Experiments are run on a laptop with an Intel i7-6700HQ CPU, a NVIDIA 960M GPU, and 16GB memory. LwF method, GAN-based incremental learning method, and EWC method are tested for comparison. To ensure that these methods are comparable, same data and related proportions are provided. The core of the LwF method is loss distillation. The loss value of the method is expressed as \(L=L_{new}+\sigma L_{distillation}\). Using the same proportionality coefficient \(\sigma =\phi \), RFD and LWF can be compared. The incremental training model based on GAN consists of fake data and new task data. It can be considered that the gradient is composed of new data and fake data. The proportion of new data and fake data is as same as our model. The loss function of the EWC method refers to the weights of the previous task and is defined as \(L'(\theta )=L(\theta )+\lambda (W_i-W_0)\). Similarly, the proportionality coefficient \(\lambda \) and \(\phi \) can ensure the comparability of the model. The test accuracy of the four models are comparable, and the accuracy on the test set of the incremental model on the MNIST is also very close. But the time costs are very different. The comparison results are shown in Table 2. The training time of the GAN method consists of a classification network and a GAN network. It is very time-consuming, so the total time is longest. The EWC method needs to repeatedly calculate the fisher matrix, which will become a large time overhead when the amount of data is large. Our method is faster in total time because it is easier to generate data than LwF (Fig. 9).

Fig. 9.
figure 9

Comparison results, typical three increasement learning methods and our method (RFD).
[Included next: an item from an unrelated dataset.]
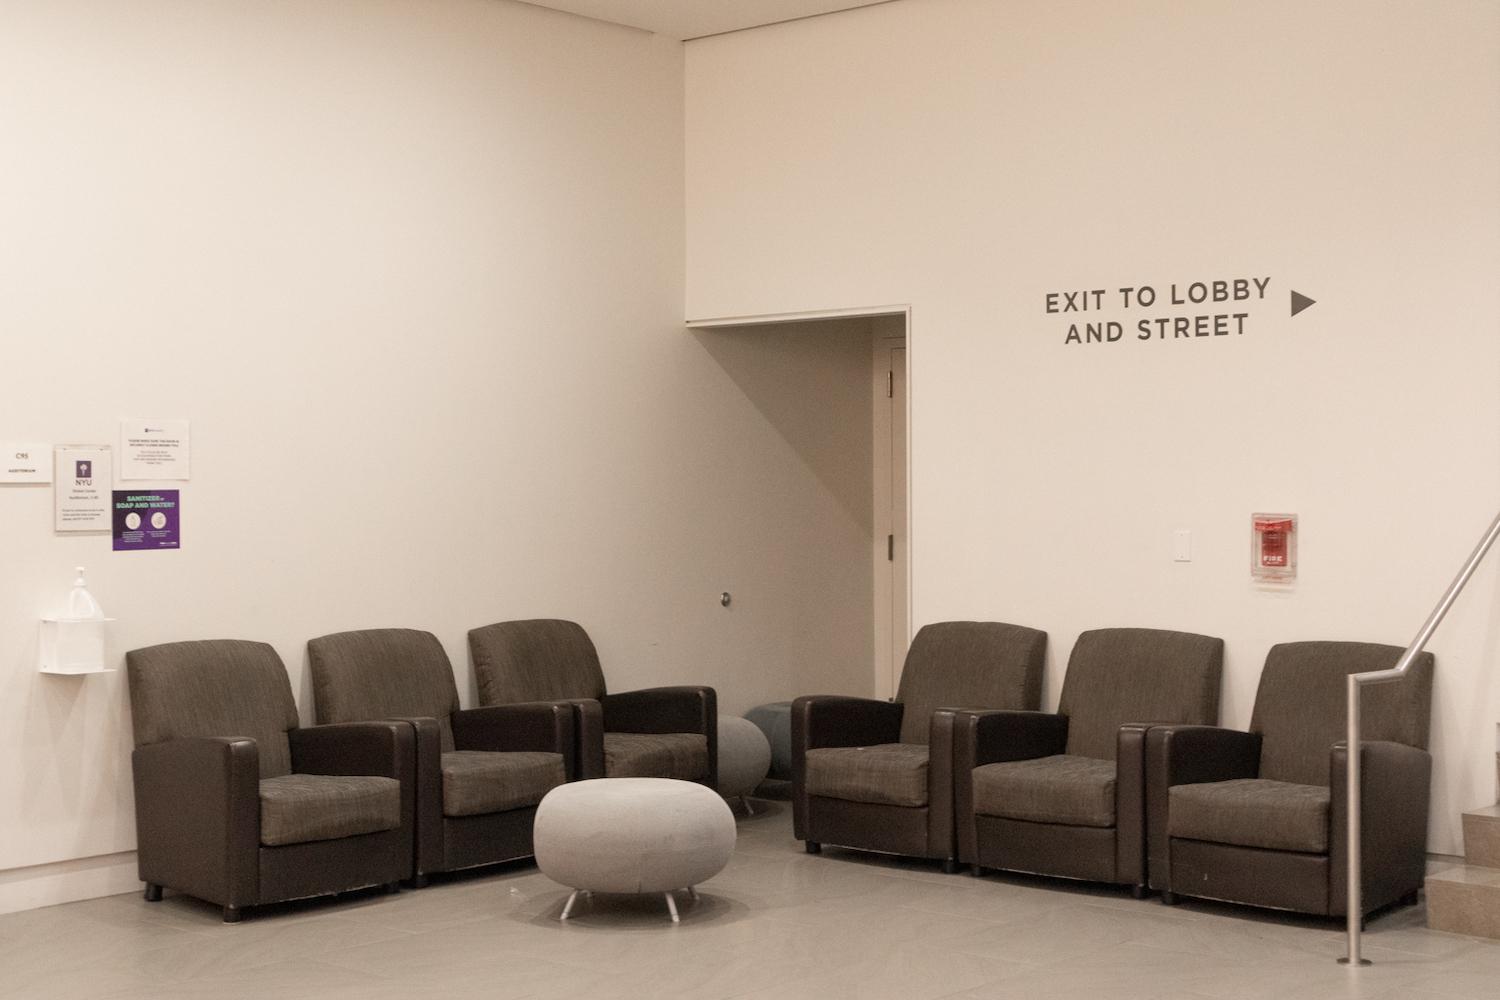 A photo of a vacant corner with six unoccupied gray couches with a sign that reads “Exit To Lobby And Street” on the right wall.

Table 2. Comparison of training time and accuracy.

4 Conclusion

In this paper, We propose an incremental learning network model based on a random sample fitting distribution. This method mainly simplifies the generator of a GAN-based incremental learning model. It consists of two parts: The Frozen network responsible for generating random samples and the New network used for training. In the experiments, our new model has the same accuracy as the traditional method while learning faster.